At the GTC Keynote Nvidia has announced its next generation GPU and Cuda architecture - Fermi (G300). The Californians concentrated on flexible usability and high workload of the 512 Shader ALUs - DirectX 11 was only an aside.
High-Level Diagram of the G300/Fermi [Source: view picture gallery]
The architecture of the G300 is code-named Fermi and features about 3 billion transistors, 512 ALUs, up to 6 GiByte GDDR5 RAM and a 384-bit memory interface. Nvidia has not anything revealed about clock rates yet - therefore all details about capability are meant by clock which does not necessarily show the performance ratio of the final products to its predecessors.

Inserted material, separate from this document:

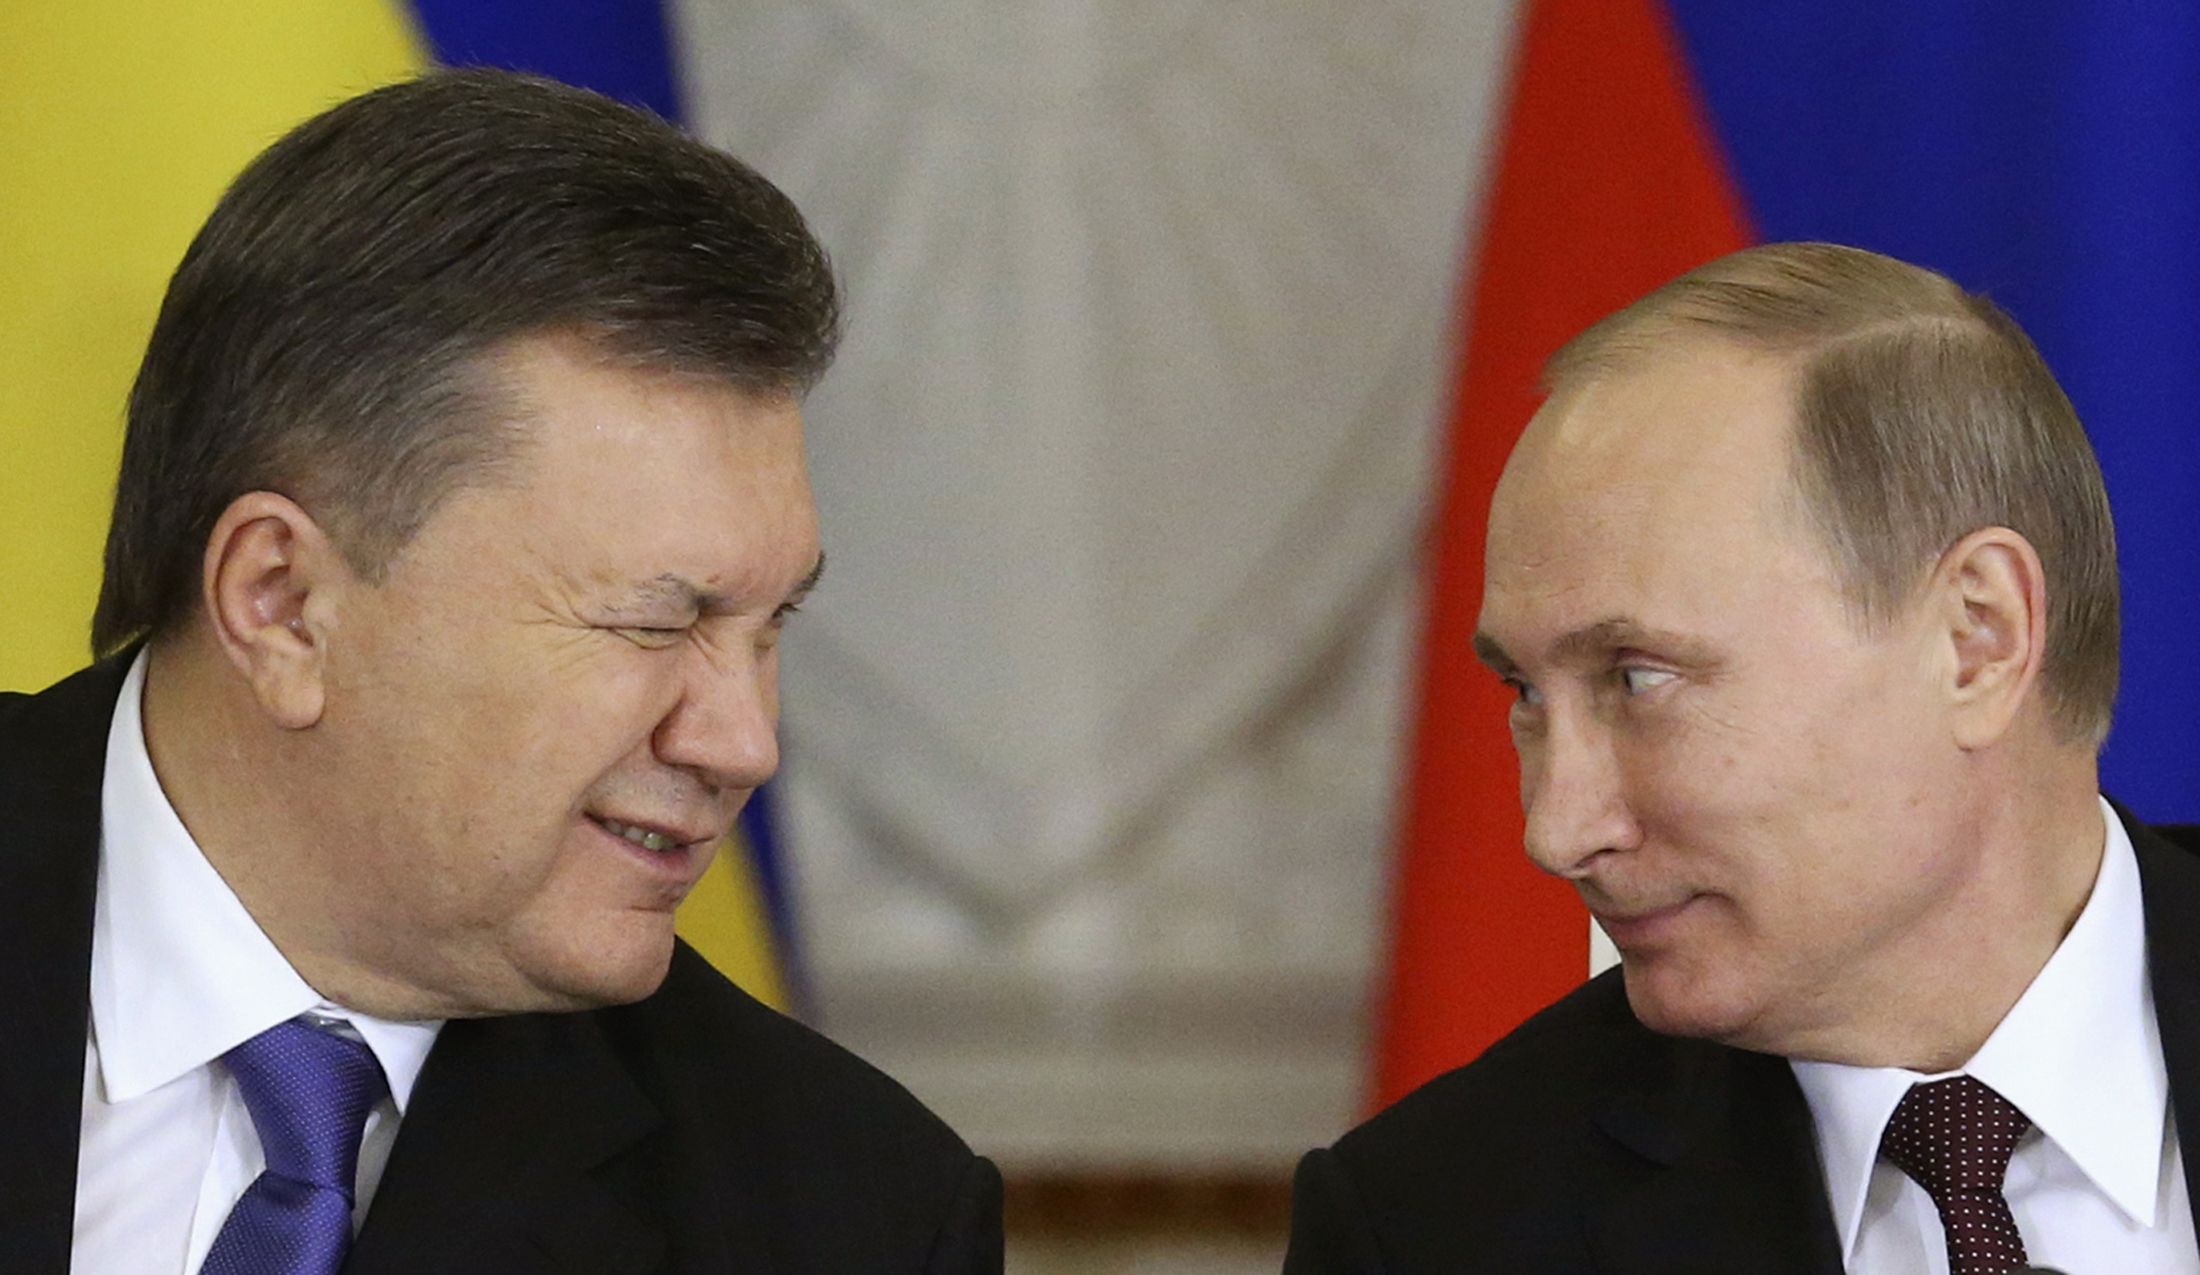 Yanukovych winks at Putin

With the Fermi architecture Nvidia more and more focuses on GPU computing and also uses those terms in their presentation. The former texture units turned into Load/Store units, the shader ALUs (which Nvidia formerly called stream processors) are Cuda core or Cuda processors now. Certainly chips basing on the Fermi architecture will be DirectX 11-compatible but Nvidia doesn't talk about that much.
Specifications: G300 Fermi
Fermi Streaming Multiprocessor orSIMD [Source: view picture gallery]
A total of 512 Cuda cores will be on the G300 chip, organized in 16 SIMD units. So every SIMD has 32 ALUs which share the 16 loading and memory units (LS units, ex-TMUs). Up to now Nvidia has not revealed details about the capabilities of the LS units. The presented specifications have not given hints about the power of texture filtering yet. Values between 4 and 16 texture filters per SIMD could be possible.
Special Function Units (SFUs) execute transcendental instructions such as sin, cosine, reciprocal and square root. Each SFU executes one instruction per thread, per clock; a warp executes over eight clocks. The SFU pipeline works independently from the dispatch unit, allowing the dispatch unit to issue to other execution units while the SFU is occupied.
Double precision arithmetic has been improved as well. It does not only fulfill the IEEE 754-2008 floating-point standard (formerly IEEE 754-1985 was used) with the more precise FMA (Fused Multiply-Add, which AMD offers with the HD 5800 series and Nvidia with the GT200 only for DP), but also the DP output increases by factor 8 compared with the GT200 (per clock cycle!). Every SIMD (called Streaming Multiprocessor) can execute 16 FMA operations and 256 per chip respectively - the GT200 was only capable of 30 DP-MADs.
The SIMDs thread in groups of 32 parallel threads called warps. Each SIMD has two warp schedulers and two instruction dispatch units, allowing two warps to be issued and executed concurrently. Every warp scheduler activates either a group of sixteen cores, sixteen load/store units or four SFUs. Since the warps work independently, Fermi's scheduler does not need to check for dependencies from within the instruction stream.
Fermi Cache and RAM
Speeds & Feeds [Source: view picture gallery]
A clever trick is the cache division of the SIMDs. Physically there are 64 kiByte per SIMD/Streaming Multiprocessor. 16 kiByte are fix configurated Shared Memory (as it was with G80 and GT200) and 16 kiByte are configured as Level1 cache - the rest of the 32 kiByte can be freely used.
Furthermore the G300 with Fermi architecture offers a unified Level 2 cache with 768 kiByte capacity.
In our gallery you will also see brand-new screenshots from physics and raytracing techdemos. At the GDC the already known GPU Raytracing demo with a Bugatti Veyron was shown in an updated version and it uses a much more realistic illumination based upon Global Illumination. Other demos show a physically correct water simulation used in films as well as particle effects and a destruction simulation.
Fermi will probably not launch until 2010. Nvidia is still working on details so it will take another couple of months before the graphics cards will hit the retail market.